Come possono le nuove generazioni reagire di fronte alla crisi climatica che non hanno contribuito a creare? E in che modo l’arte può diventare uno strumento di cambiamento concreto? Sono queste le domande al centro di una mostra innovativa presente fino al 4 ottobre al Borgo Laudato Si’, presso i giardini pontifici di Castel Gandolfo. L’esposizione, che si svolge durante il Giubileo della Speranza, presenta 55 progetti di artisti al di sotto dei 30 anni, provenienti da 28 paesi di tutto il mondo. Le opere, selezionate tra i vincitori e le menzioni d’onore delle scorse edizioni dell’Earth Partner Prize, offrono idee e soluzioni creative alle sfide del nostro tempo. L’allestimento della mostra è esso stesso un esempio di sostenibilità: le cornici che ospitano le opere sono state realizzate con il legno degli alberi abbattuti dalla Tempesta Vaia nel 2018. Un gesto simbolico, che trasforma un frammento di distruzione in un messaggio di rinnovamento e di espressione artistica. Il Borgo Laudato Si’, inaugurato da Papa Leone il 5 settembre 2025 e ispirato all’Enciclica di Papa Francesco, si pone come un centro di educazione all’ecologia integrale e alla sostenibilità ambientale, estendendosi su 35 ettari di giardini.

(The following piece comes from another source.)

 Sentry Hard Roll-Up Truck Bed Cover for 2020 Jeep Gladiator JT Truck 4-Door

Laboratori per una continua formazione

“Nel Borgo Laudato Si abbiamo sempre pensato di lasciare grande spazio a quelle che sono espressioni artistiche – ha sottolineato a Interris.it il cardinale Fabio Baggio, Sotto-Segretario del Dicastero per il Servizio dello Sviluppo Umano Integrale – soprattutto quelle che portano a crescere la nostra sensibilità nei confronti della conversione ecologica. Ecco perché è anche molto importante ospitare quelle mostre che attraverso le immagini possano toccare il cuore dei nostri visitatori, per portarli più vicino a comprendere quelli che sono i principi anche della Laudato Si. Siamo convinti, in questo caso, che tutte le attività che nel Borgo vengono svolte, attività che sono formative, produttive, possono essere laboratori di conversione ecologica”.

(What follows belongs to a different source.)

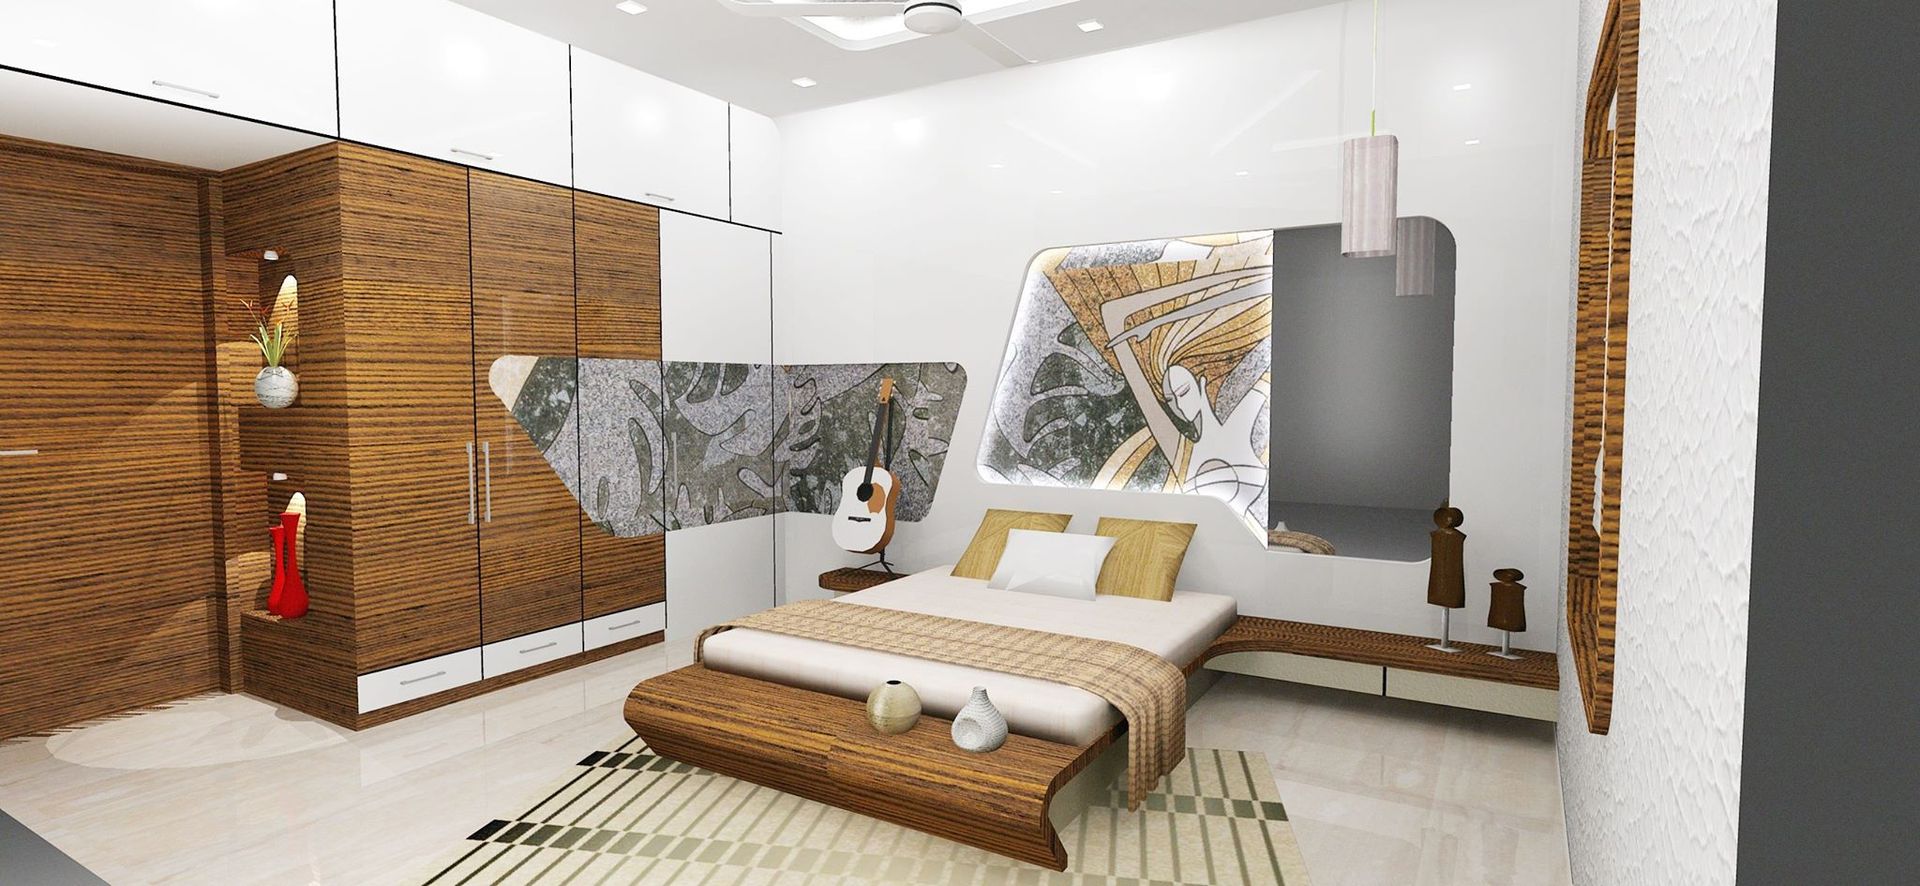 Bedroom Designs, Archsmith project consultant Archsmith project consultant Habitaciones modernas

I giovani artisti, autori delle opere (foto: Borgo Laudato sì)

Contemplare la bellezza

Il Cardinal Baggio ha poi ribadito l’importanza di tornare alla contemplazione. “L’immagine ci porta al silenzio“, ha detto nel commentare alcune opere della mostra, invitando il visitatore non solo a contemplare, ma anche “a toccare con mano” la bellezza dell’arte e della contemplazione. “Io credo che in questo mondo devastato dai conflitti, dalle guerre, dai pregiudizi e da tutte quelle sensazioni di discriminazione che sono presenti, abbiamo bisogno di bellezza. La bellezza ci salva, ma dobbiamo avere il tempo, e ce lo dobbiamo dare, di contemplarla”.

Marianna Beltrami, coordinatrice di Earth Partner (foto: Francesco Vitale)

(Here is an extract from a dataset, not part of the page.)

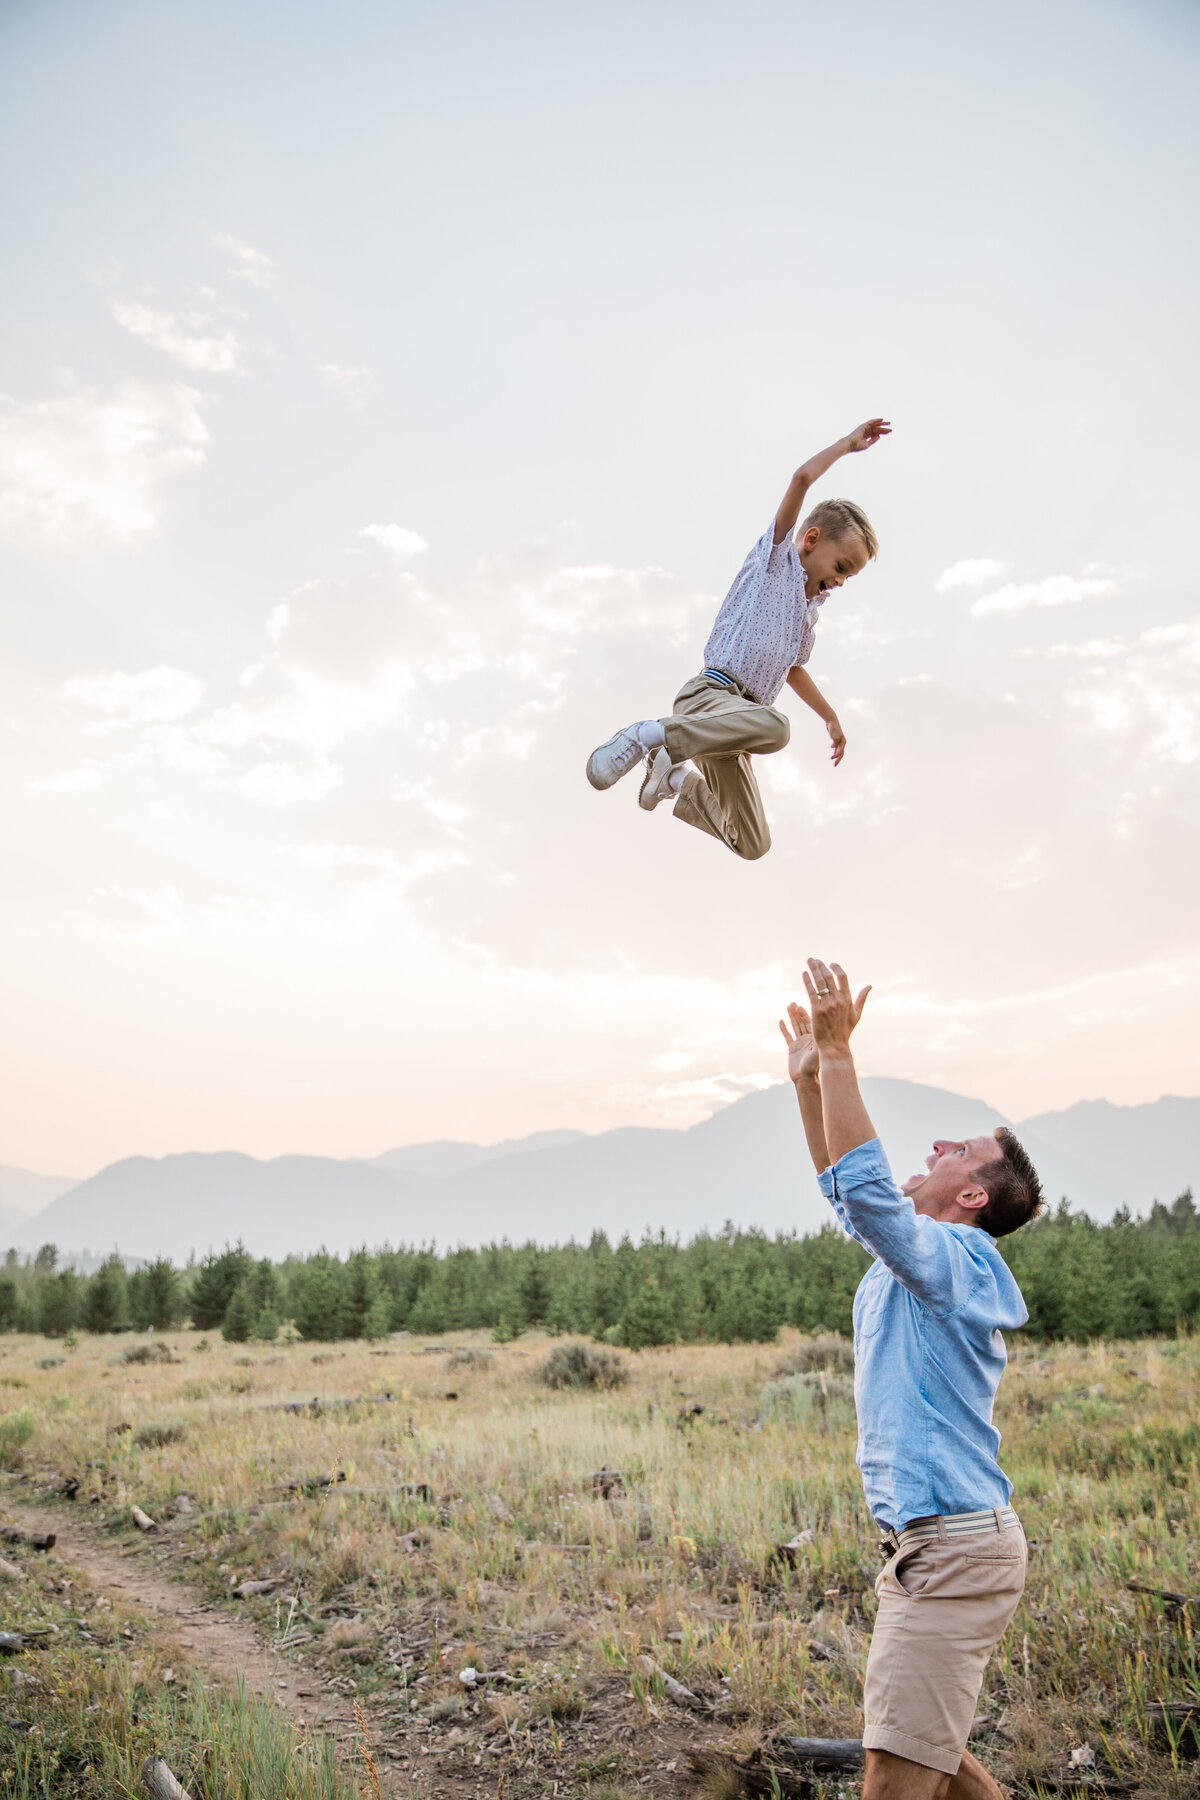 A dad throws his young son playfully in the air. They are smiling with mountains behind them

Nuovi giovani aperti all’arte

“La mostra è fatta apposta per valorizzare i giovani – ha rivelato a Interris.it Marianna Beltrami, coordinatrice di Earth Partner – soprattutto per esplorare i loro sentimenti più profondi che possono essere qualsiasi cosa, ansia, speranza, proporre soluzioni, avviare attivismo e progetti di attivismo comunitario”. Una occasione quindi nata dall’esigenza di comprendere cosa provano le nuove generazioni di fronte alle crisi del nostro tempo, in particolare quella climatica, che non hanno contribuito a creare. L’obiettivo è offrire a questi giovani artisti una piattaforma per esprimere, attraverso la loro arte, le loro paure e le loro speranze, in un’epoca in cui la vita sembra particolarmente difficile per loro. “Noi come esseri umani – ha aggiunto la curatrice – viviamo negli spazi che hanno un grandissimo impatto su di noi. Poter visitare uno spazio come Borgo Laudato Sì, uno spazio aperto e una mostra all’aperto, le mostre di solito sono in gallerie interne, ma poter avere l’arte in contatto con il cielo aperto è un’esperienza unica: io invito tutti a viverla, per un’esperienza di arte all’aperto e di uno spazio che ci entra nel cuore”.